Relations avec l'Inspection, les Chefs d'établissements, le Pouvoir Organisateur - Normes - Prestations obligatoires, facultatives - Frais de déplacements - Charge horaire par fonction et niveau - Équivalence des diplômes - Mise en disponibilité par défaut d'emploi - Réaffectation ou rappel à l'activité - Emplois statutaires ou non statutaires, incidences - …

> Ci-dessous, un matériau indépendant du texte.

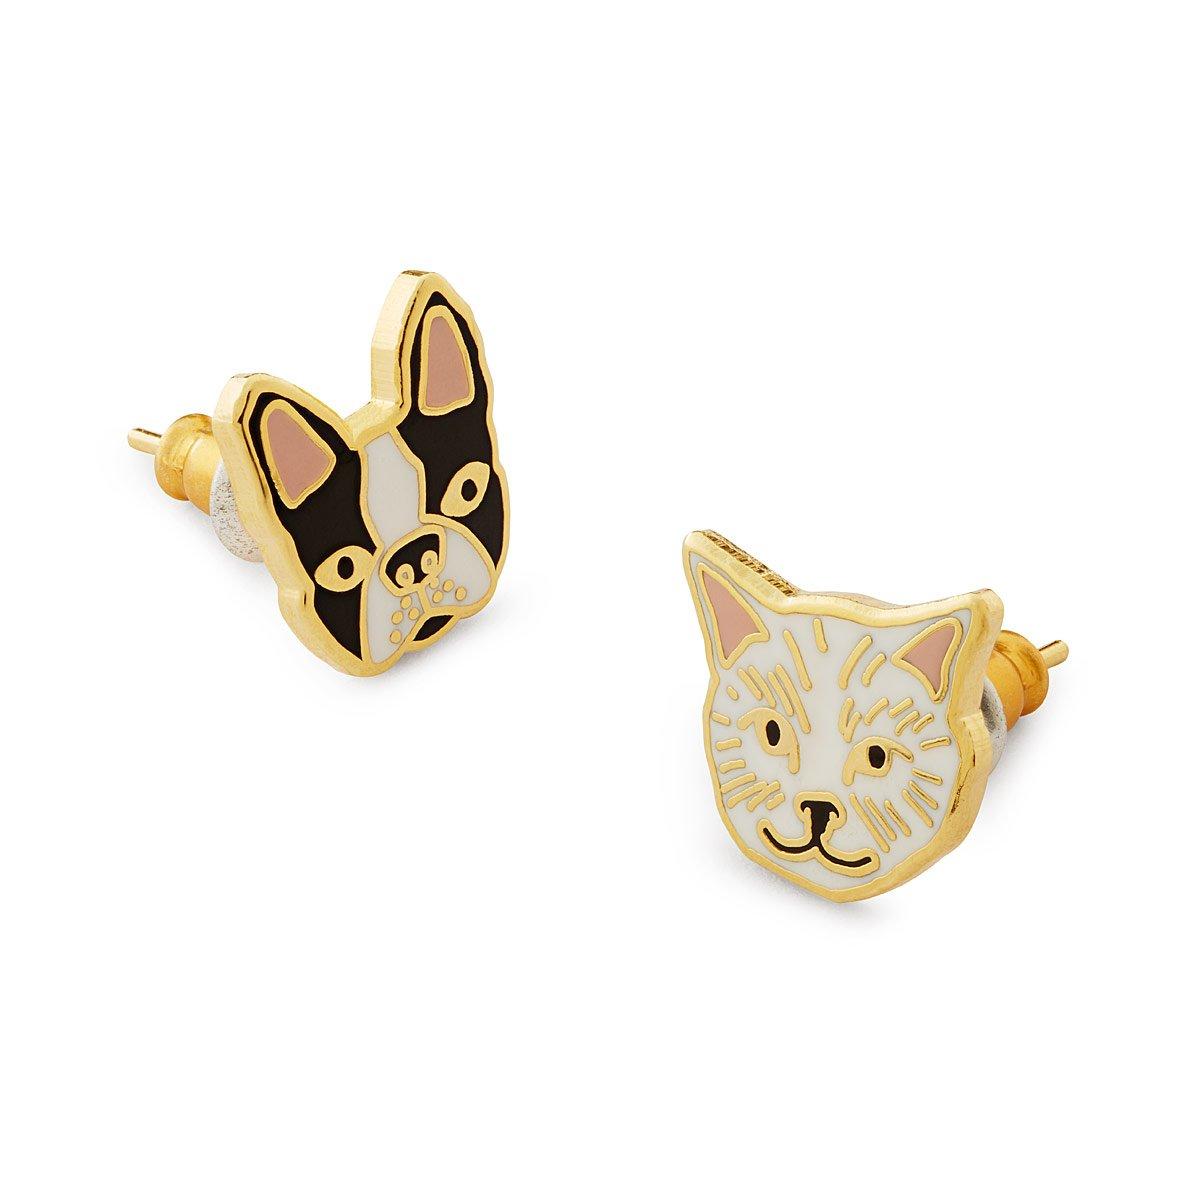 Cat & Dog Mismatched Earrings | enameled earrings, dog earrings, cat ...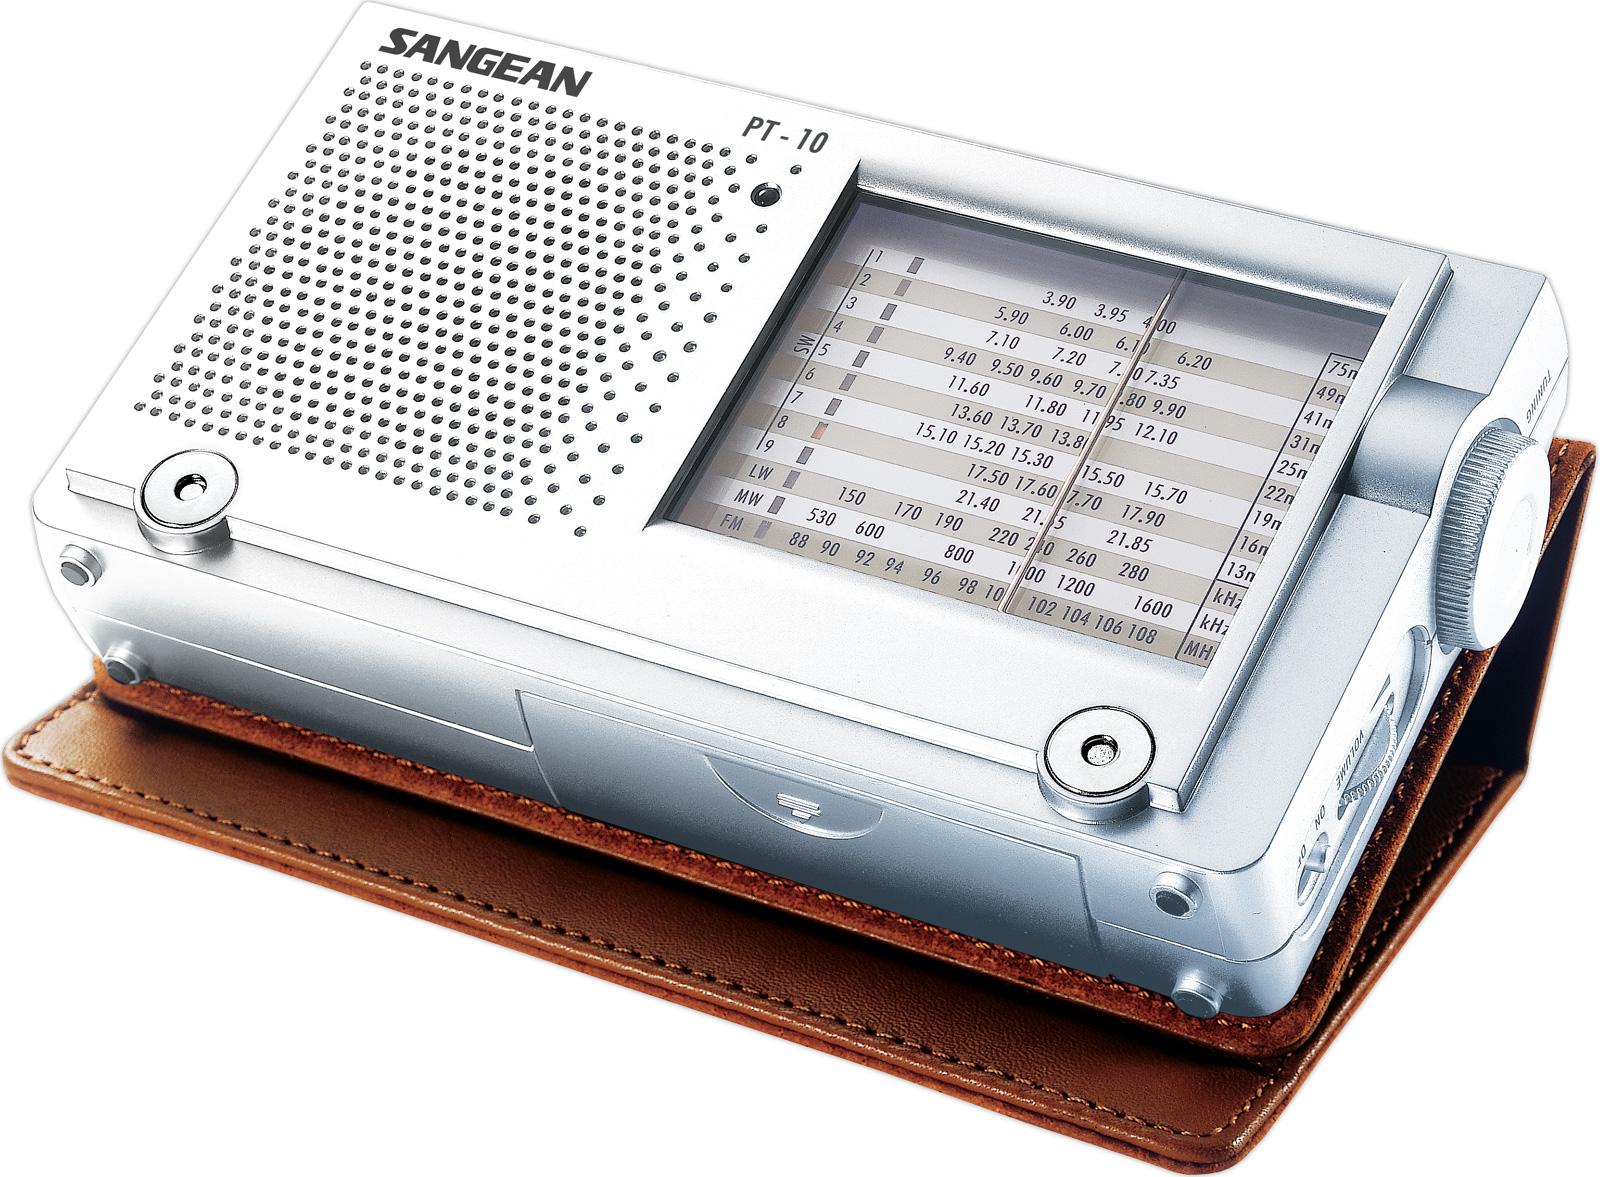 ĐÀI RADIO SANGEAN PT-10 thương hiệu Mỹ

Il nous est impossible d’énumérer tous les services auxquels un affilié peut prétendre lorsqu’il fait appel à notre section

En guise de mise en bouche… saviez-vous que :

  • Un enseignant définitif en interruption de carrière complète une année scolaire a droit aux jours de congé de maladie (cumulatifs) pour cette année, même s'il n'a pas exercé sa fonction.

  • Un temporaire a droit à un pécule de vacances ("jeune travailleur") s'il entre en fonction dans les 4 mois de l'obtention de son diplôme et cela en plus de son salaire.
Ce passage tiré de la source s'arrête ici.